*Directions*
What are the lines, word for word, from the line with "Hiking sign in" up to and including the line with "William Mason, figures" in the records below? Omit the pictures.

##### Records provided

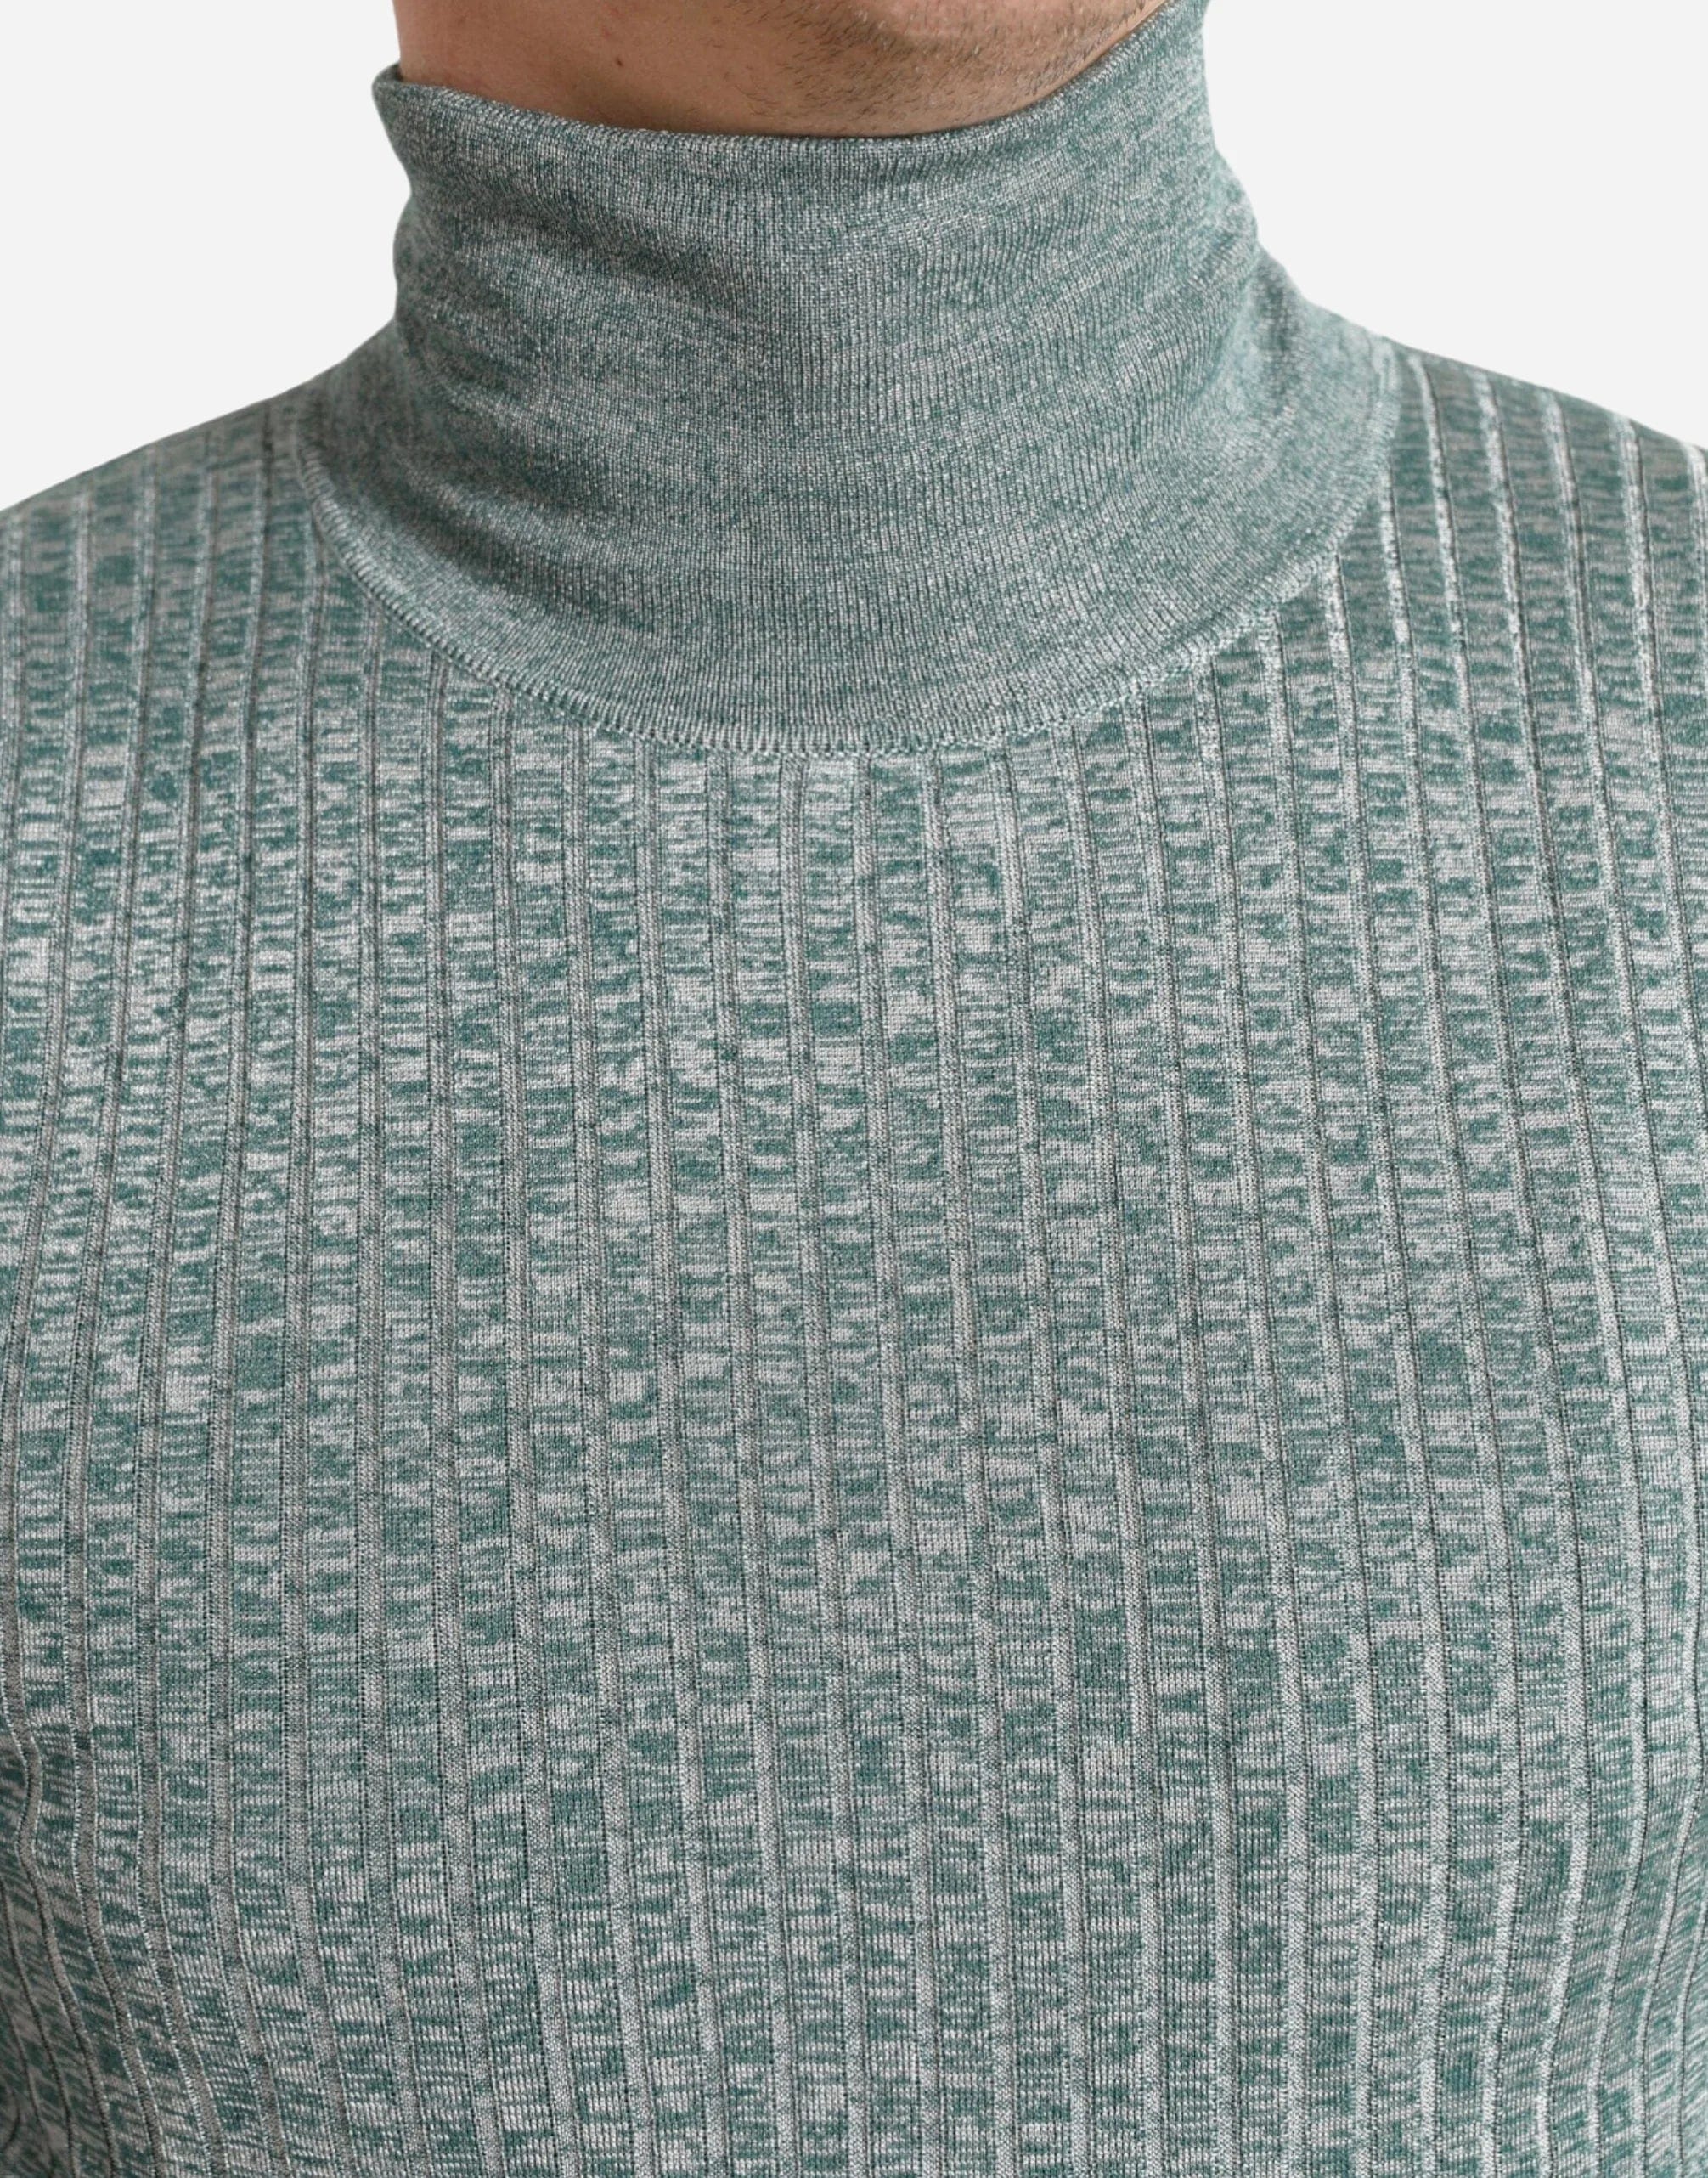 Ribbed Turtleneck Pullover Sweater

##########
##### Records provided

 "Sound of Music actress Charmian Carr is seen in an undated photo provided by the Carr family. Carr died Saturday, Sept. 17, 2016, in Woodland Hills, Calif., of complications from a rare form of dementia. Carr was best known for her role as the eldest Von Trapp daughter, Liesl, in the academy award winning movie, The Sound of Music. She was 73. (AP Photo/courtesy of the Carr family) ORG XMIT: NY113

##########
##### Records provided

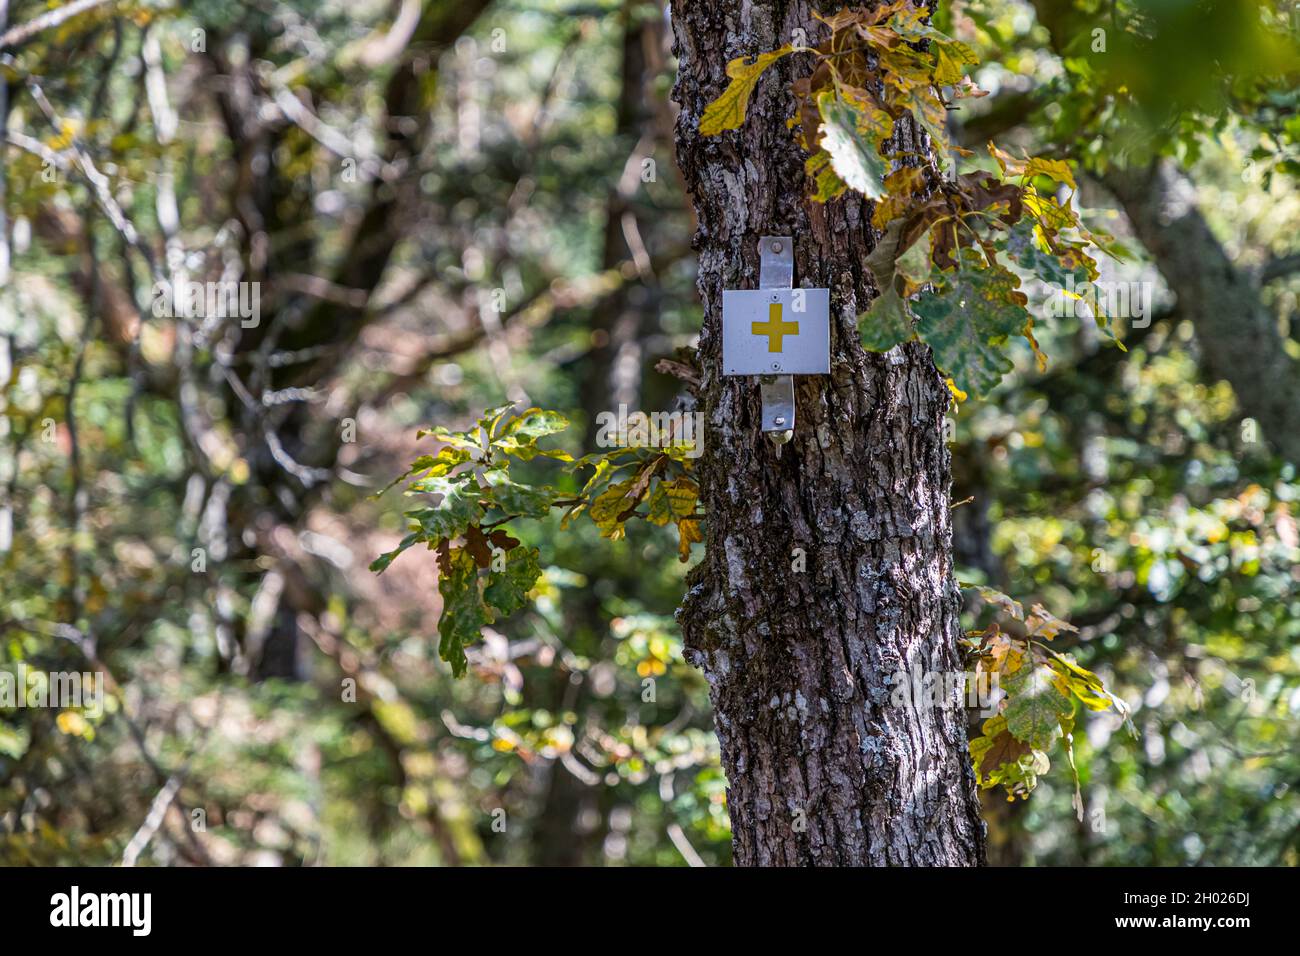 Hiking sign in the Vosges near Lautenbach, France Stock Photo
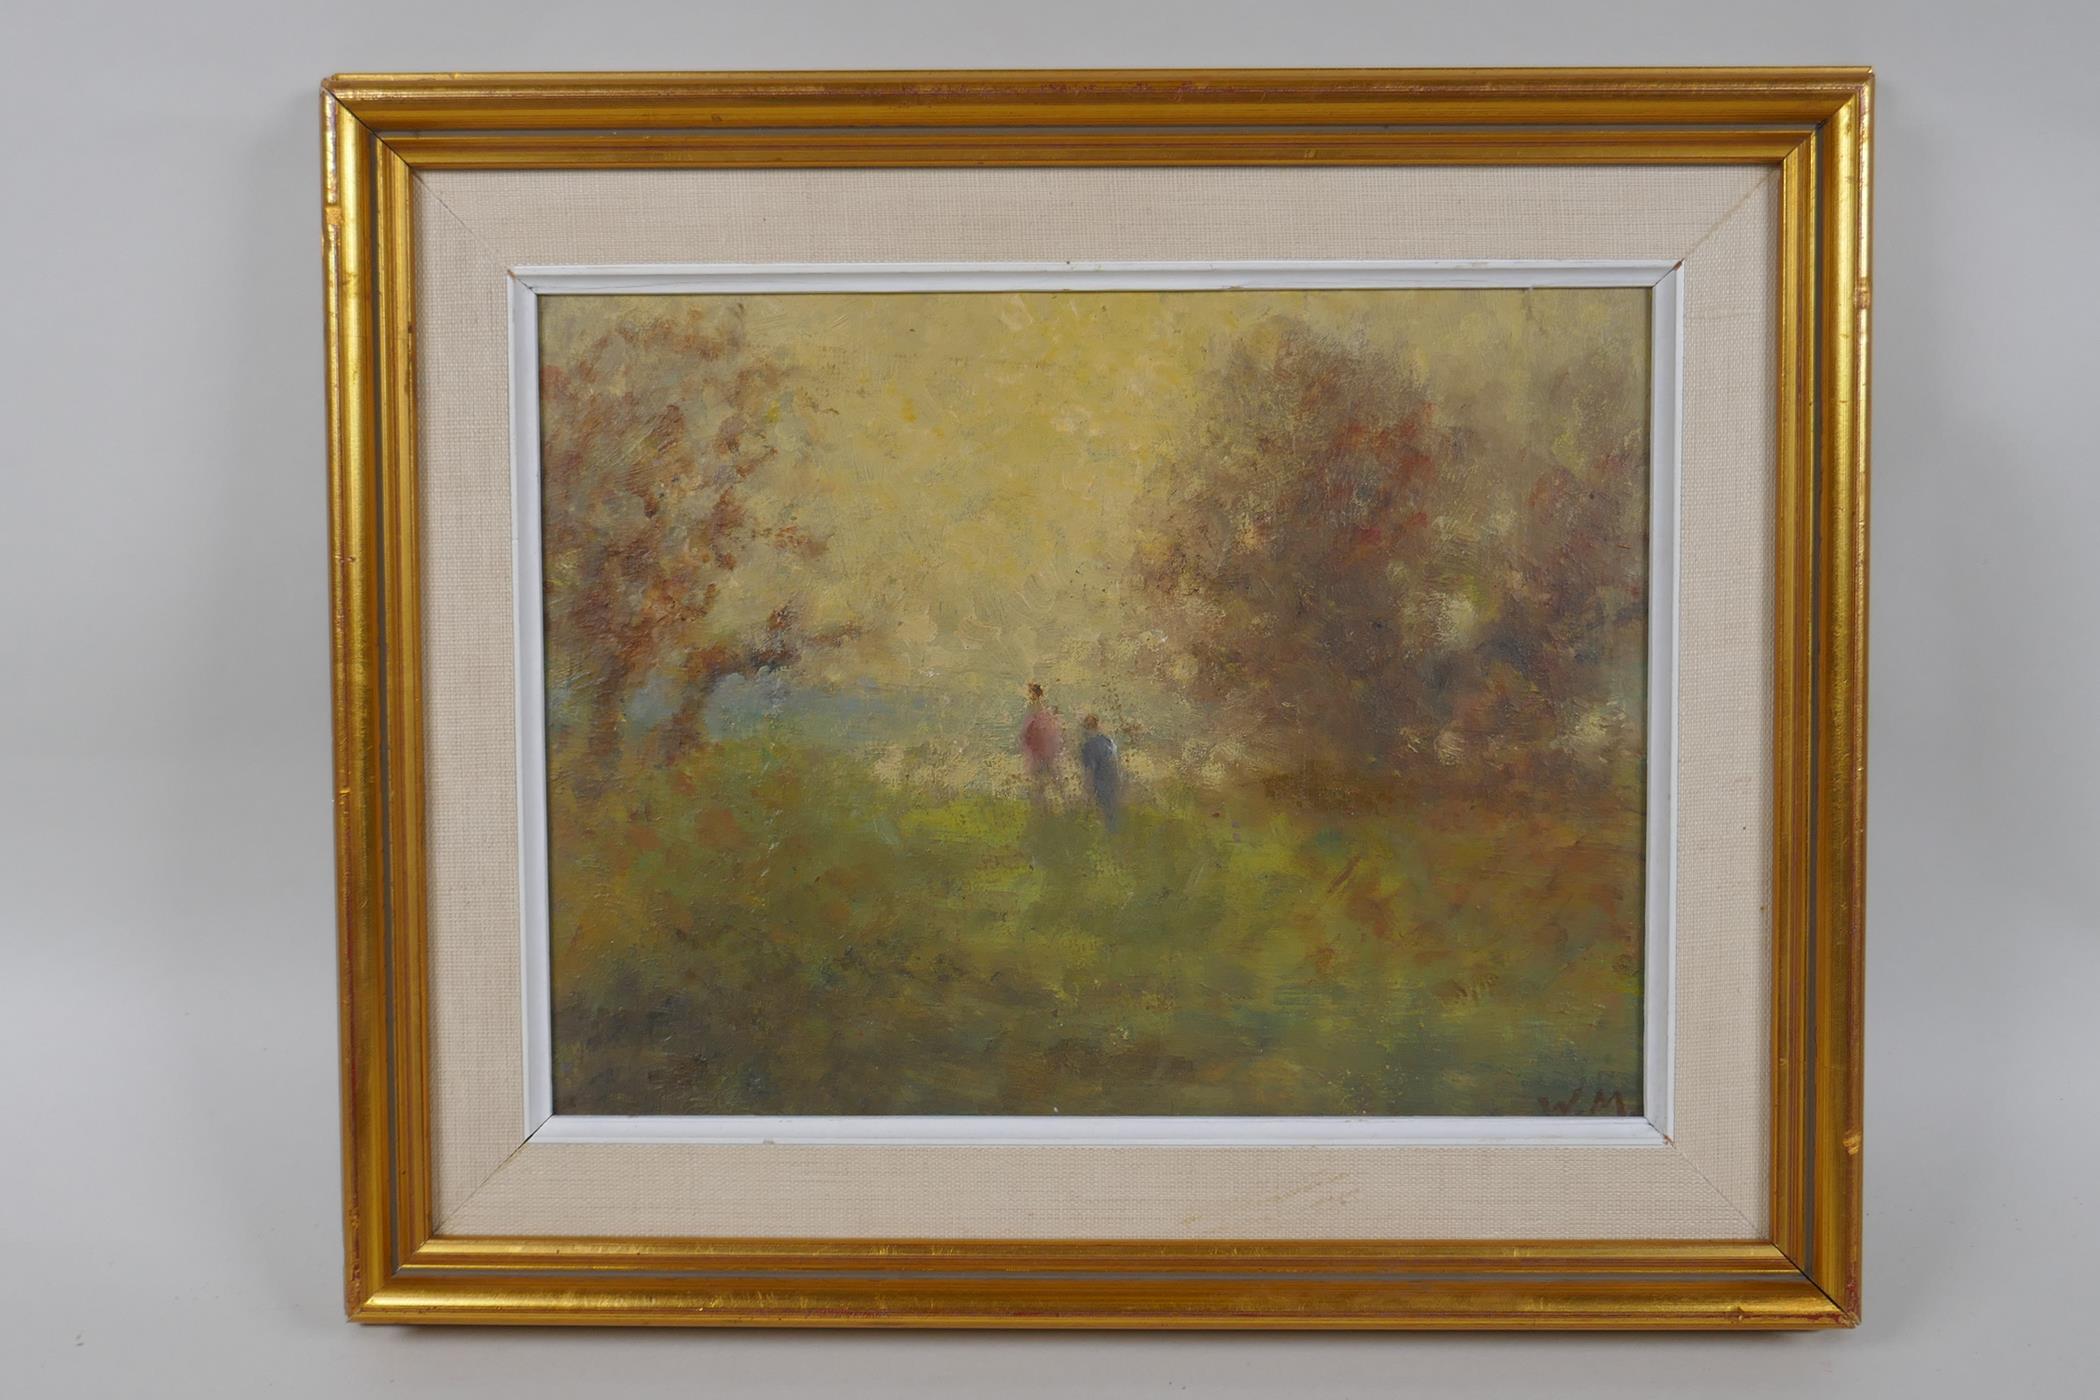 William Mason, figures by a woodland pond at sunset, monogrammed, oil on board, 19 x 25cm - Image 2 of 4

##########

*Output of the exercise*
 Hiking sign in the Vosges near Lautenbach, France Stock Photo
 William Mason, figures by a woodland pond at sunset, monogrammed, oil on board, 19 x 25cm - Image 2 of 4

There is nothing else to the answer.